The following are excerpts from Jennifer Rudder's catalogue essay, "Crime and Punishment," for the exhibition of the same name at the Agnes Etherington Art Centre (20 March - 6 June, 1999), Queen's University, Kingston, Ontario, Canada.

Catalogue available through Art Books Canada


The paintings in this exhibition by Vancouver artist Angela Grossman were inspired by a collection of rap sheets with mug shots that the artist found through a dealer of pritned ephemera. Taken from the files of the B.C. Penitentiary in New Westminster at its closure, the source photographs are of petty criminals from the late 1930s and '40s, some guilty of no more than stealing a letter from the post office.

Amenable to Discipline (mixed media, 1998, 134.6 x 94 cm)

Grossman sees the men as victims of circumstances, society's losers, scapegoats even, and feels a tremendous empathy and generosity towards them.

Rap Sheet, British Columbia Penitentiary

Grossman's artistic process is multi-generational, involving at least two or three and up to ten levels of intervention. The original 2" x 2" mug shots of head and shoulders is painted, rephotographed, re-painted, etc., blown up to as large as 5' x 4' and transferred to canvas or found fabric for more work.

Fraud (mixed media, 1997, 172.7 x 96.5 cm)

In this process, Grossman strips the subject of his specific identity, the prison, and the crime as she works to disguise them and protect their family privacy. Then she takes the image of the convict's face, and gives him a body; completes him. She sometime renders the convicts as naked, adding to their vulnerability.

"Response to the work of Angela Grossman," by Valerie Raoul, Director for Research in Women's Studies and Gender Relations, Professor of French, University of British Columbia (April 5, 2000):

The term [Correction(s): 'Habeus Corupus'] seems particularly appropriate for this series, based on found photos of convicts held in the BC Penitentiary at New Westminster in the 1930s and 40s. The original photos are associated with incarceration, the loss of control of one's body; also with depersonalization, becoming a number, a case, an illustration of a physical criminal type. The identification document accompanying them (included in the catalogue) purports to be objective, scientific, impersonal. Yet it reveals the prejudices of the period regarding class and race, and unconscious, culturally determined moral judgements. The original photos are portraits of head and shoulders, full-face and in profile. The head is seen as a synecdoche for the whole body, its appearance as sufficient explanation of the individual's behavior. An identity is imposed from outside, with no relationship to the person inside that body. The face is observed and recorded, it doesn't appear to look back. These men are framed. They are also discarded, abject, refuse(d), like their photos.

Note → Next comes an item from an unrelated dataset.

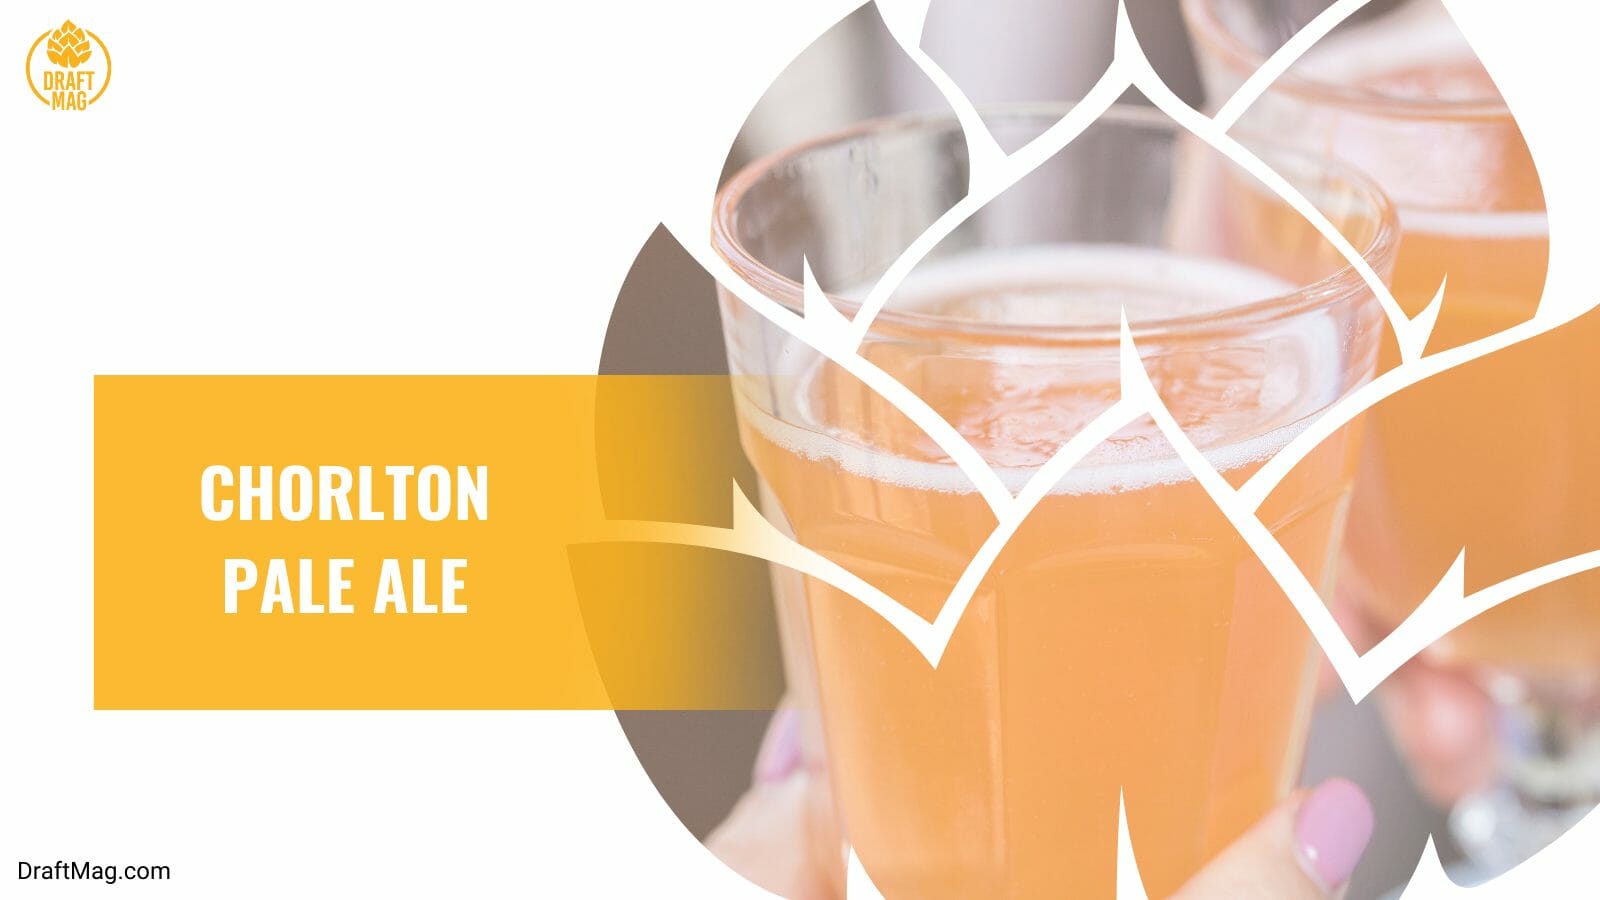 Chorlton pale ale with amber color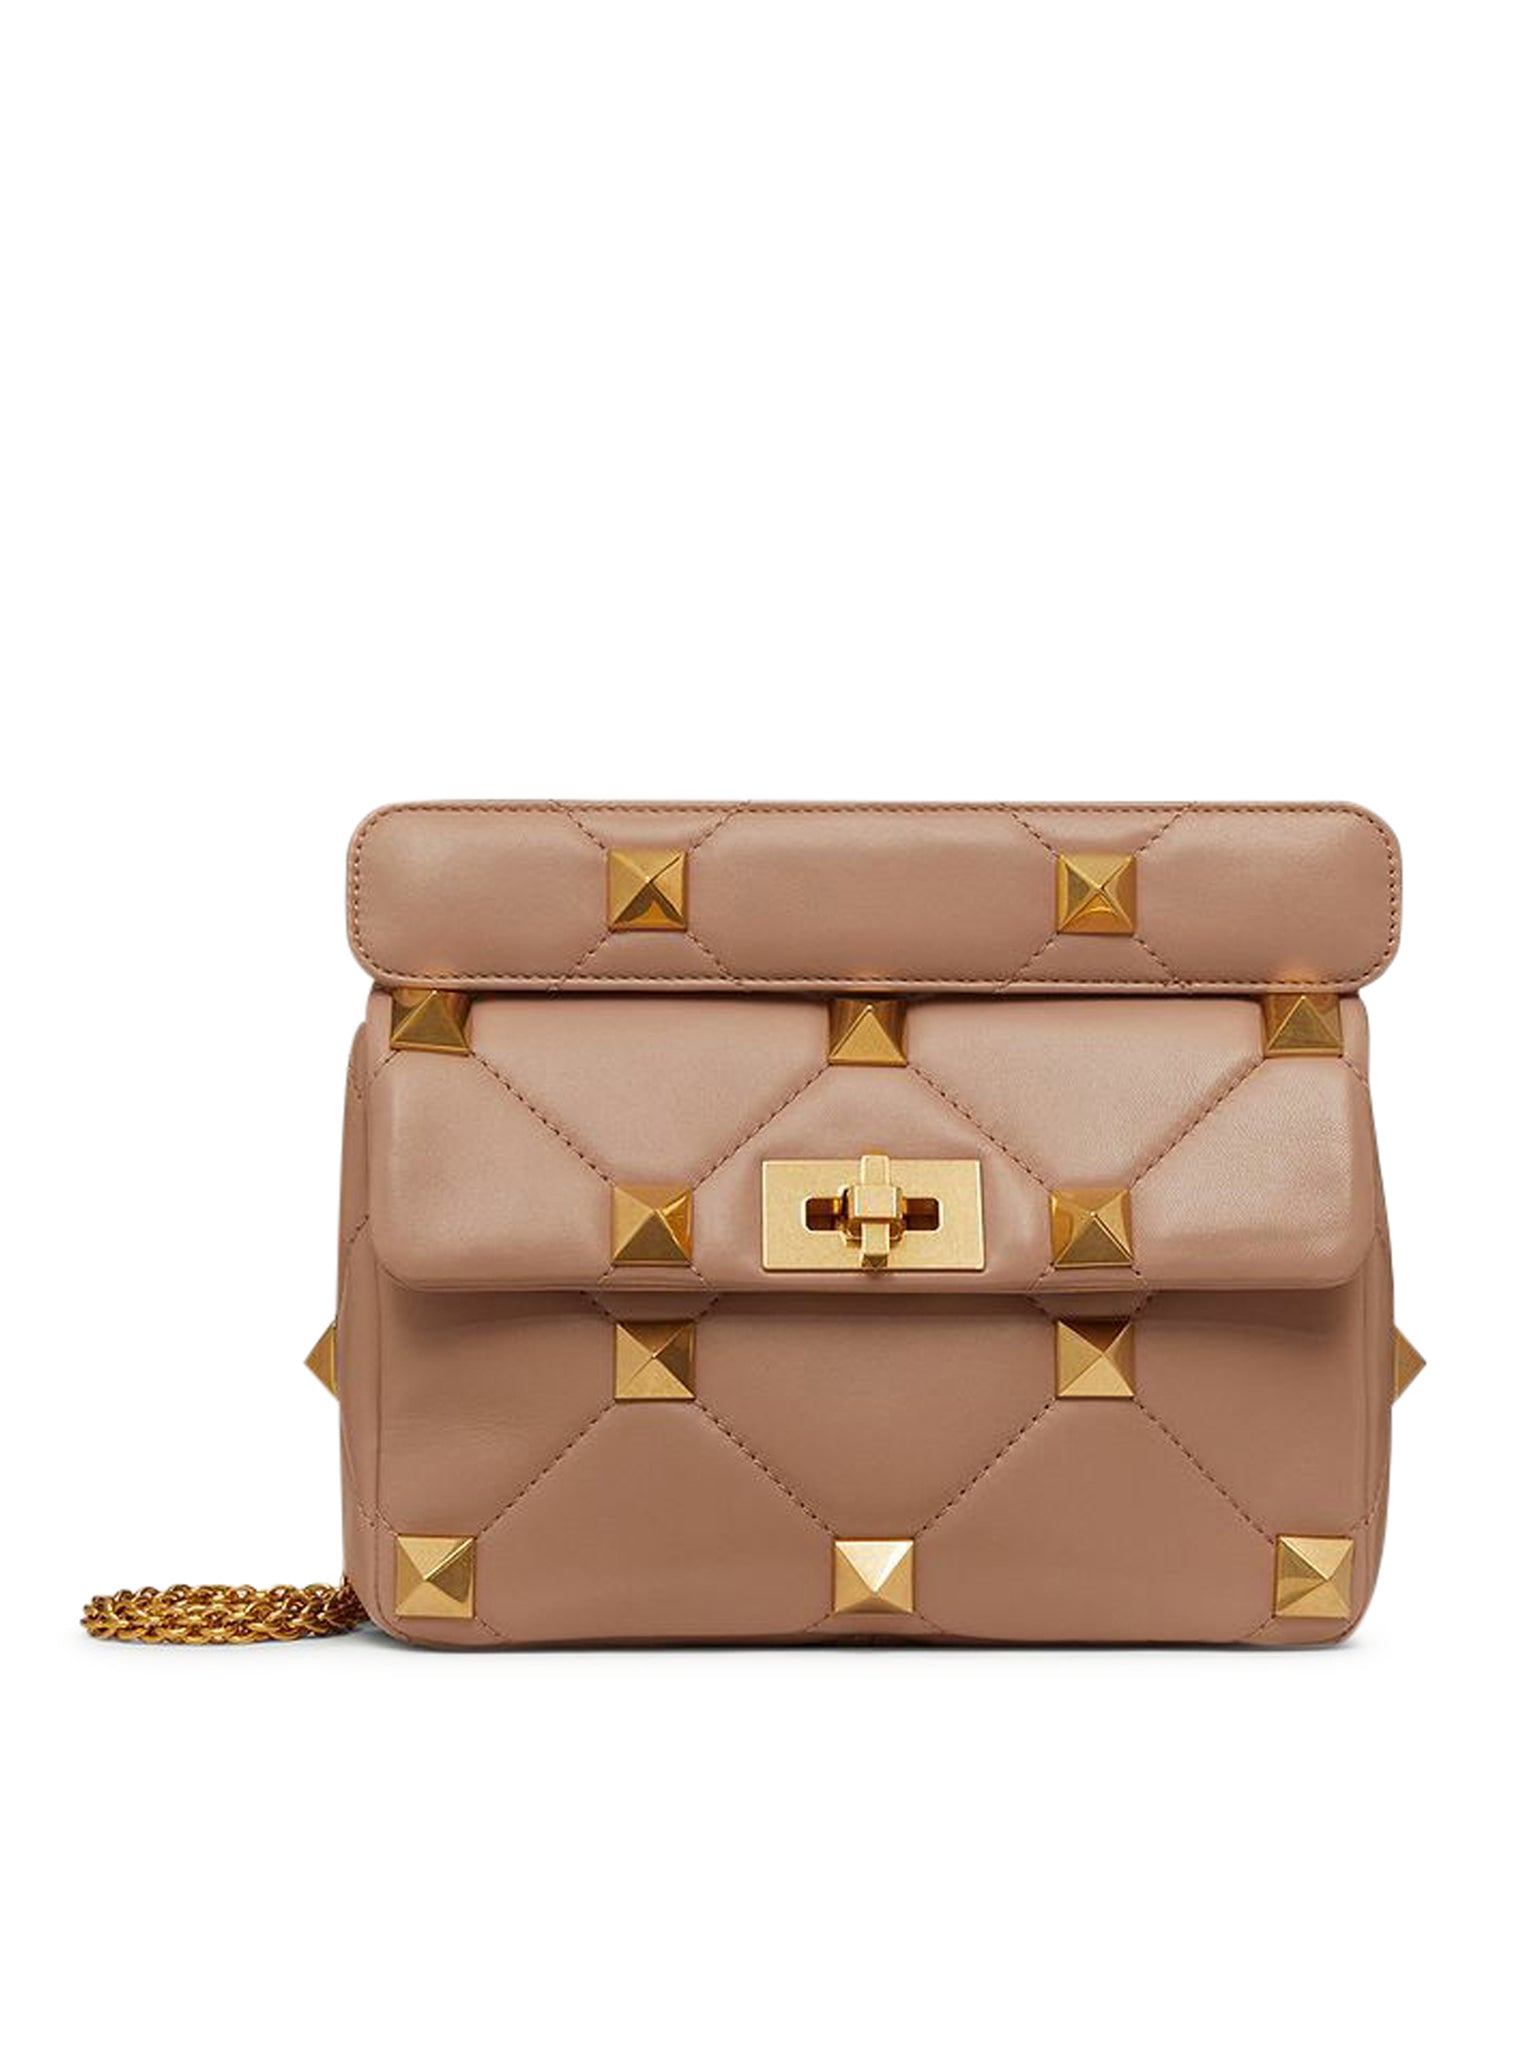 MEDIUM BAG WITH ROMAN STUD THE SHOULDER BAG IN NAPPA CHAIN

Headbound (mixed media, 1998)

Angela Grossman reframes and rehabilitates their image, conveying a different message, one that critiques the penal system by re-establishing the detained men as individuals, albeit imaginary ones. Using her own fantasy, [she] paradoxically humanizes them by anonymizing them. They are depicted in her portraits as looking out from the frame, with feeling eyes. The addition of color brings them to life, and its collaged juxtaposition with the black-and-white of the original photos reveals what was lacking in those pictures: the men's individual incongruity in a restrictive social frame. In her transformations, they escape from prison by reclothing themselves, incorporating signs of rebellion and nonconformity -- colorful ties or headgear that turn them into clowns. Still isolated, they appear to be attempting to communicate the part of them which does not fit into the stereotype of the male criminal. Some relinquish their masculinity, as they reclaim the parts of their body below the neck and below the belt. The cartoon allusions in the first images become reference to Renaissance cartoons, evoking rebirth and the beginning of creative activity, as the body is freed from the fetters of convention, including clothes.